ISCVE WHO Make Listening Safe 600x300 Image 2021

Make Listening Safe – A project by the WHO

The World Health Organisation (WHO) in conjunction with International Telecommunication Union (ITU) through a multi-stakeholder collaboration involving experts from professional associations, civil society organisations and the private sector has published a global standard to make listening safe.

Through this campaign, WHO aims to raise awareness about safe listening practices especially among young people and highlight the need for safe listening to policy-makers, health professionals, parents and others.

The World Health Organization (WHO) estimates that billion young people worldwide could be at risk of hearing loss due to unsafe listening practices.

Over 43 million people between the ages of 12–35 years live with disabling hearing loss due to different causes.

Among teenagers and young adults aged 12–35 years in middle- and high-income countries: ƒ

  • Nearly 50% are exposed to unsafe levels of sound from the use of personal audio devices. ƒ
  • Around 40% are exposed to potentially damaging sound levels at clubs, discotheques and bars.

Noise-induced hearing loss is irreversible.

Exposure to loud sounds for any length of time causes fatigue of the ear’s sensory cells. The result is temporary hearing loss or tinnitus (a ringing sensation in the ear).

A person enjoying a loud concert may come out experiencing ‘muffled’ hearing or tinnitus. The hearing improves as the sensory cells recover.

When the exposure is particularly loud, regular or prolonged, it can cause permanent damage of the sensory cells and other structures, resulting in irreversible hearing loss.

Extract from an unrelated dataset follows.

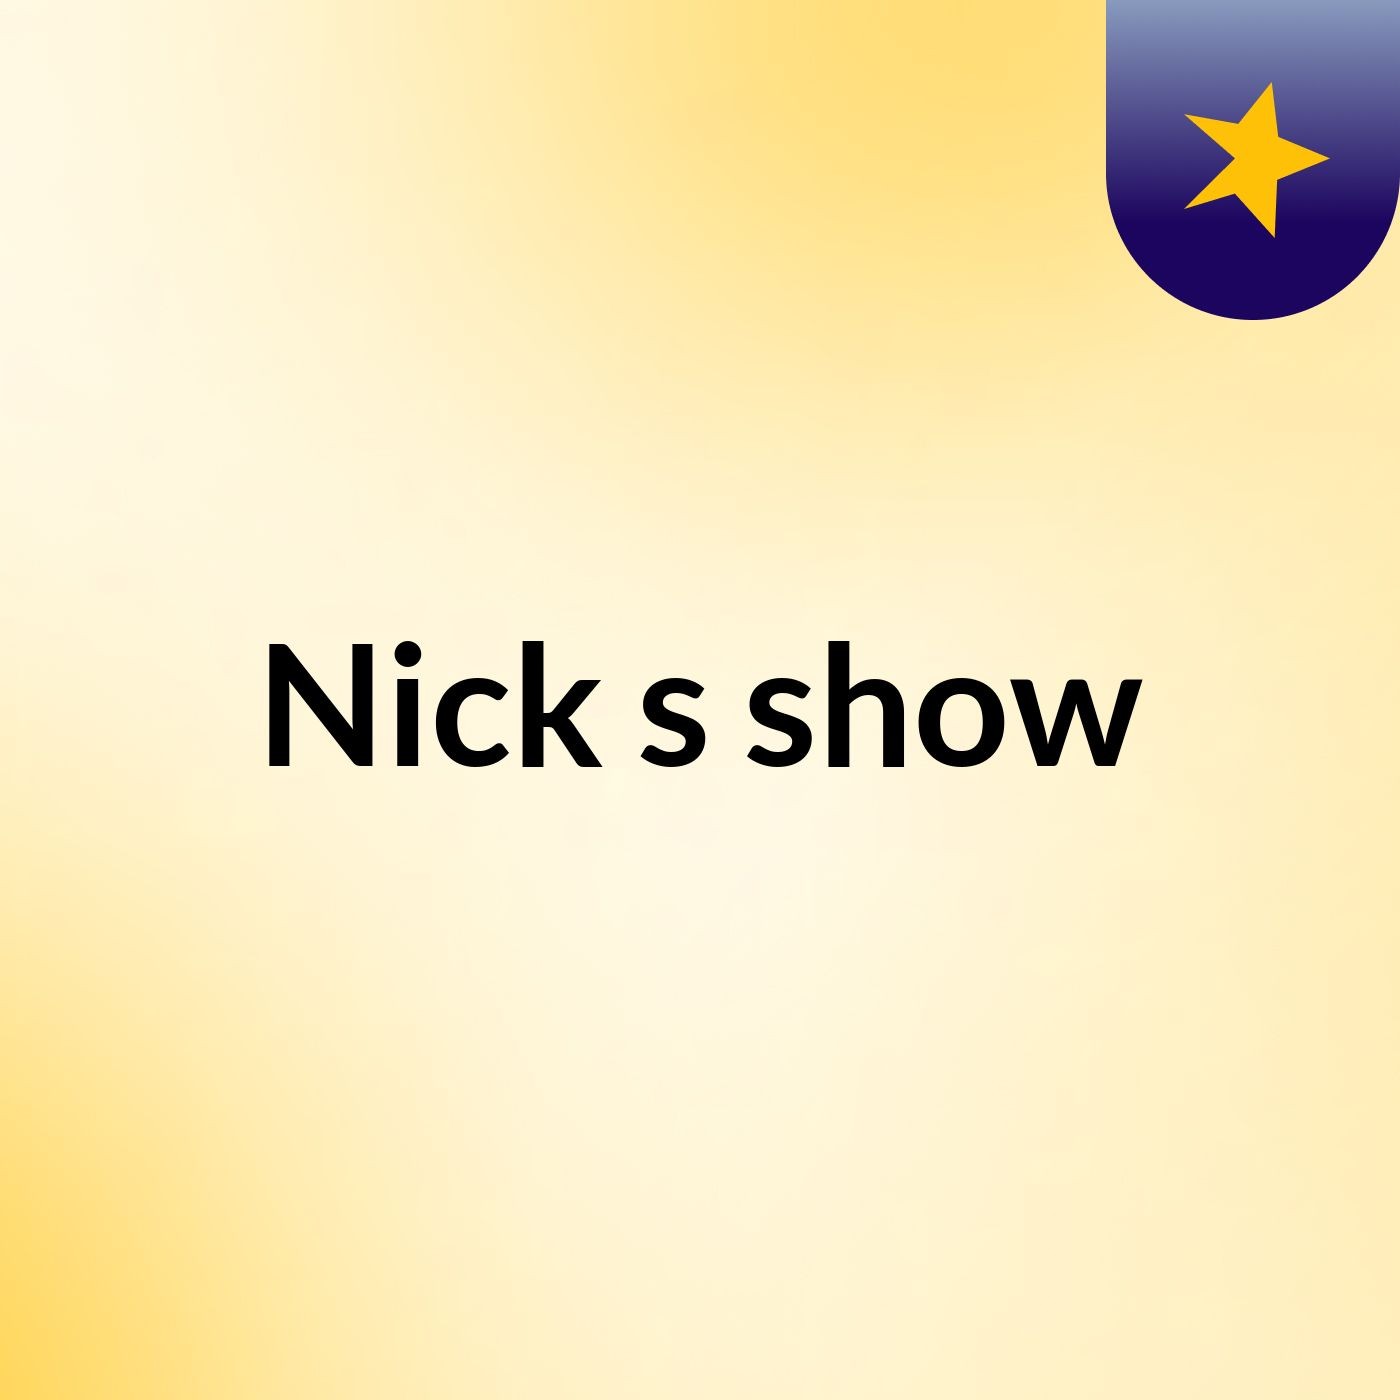 Nick's show

How to make listening safe

There are many actions which can be taken to make listening safe for all. These include measures put in place by individual users, as well as parents, teachers, managers, manufacturers and governments.

Steps can include;

  • Keep the volume down
  • Limit time spent engaged in noisy activities
  • Monitor safe listening levels
  • Heed the warning signs of hearing loss
  • Get regular hearing check-ups

The standard includes suggested further steps that can be taken by parents, teachers, physicians, governments and manufacturers to help resolve the situation.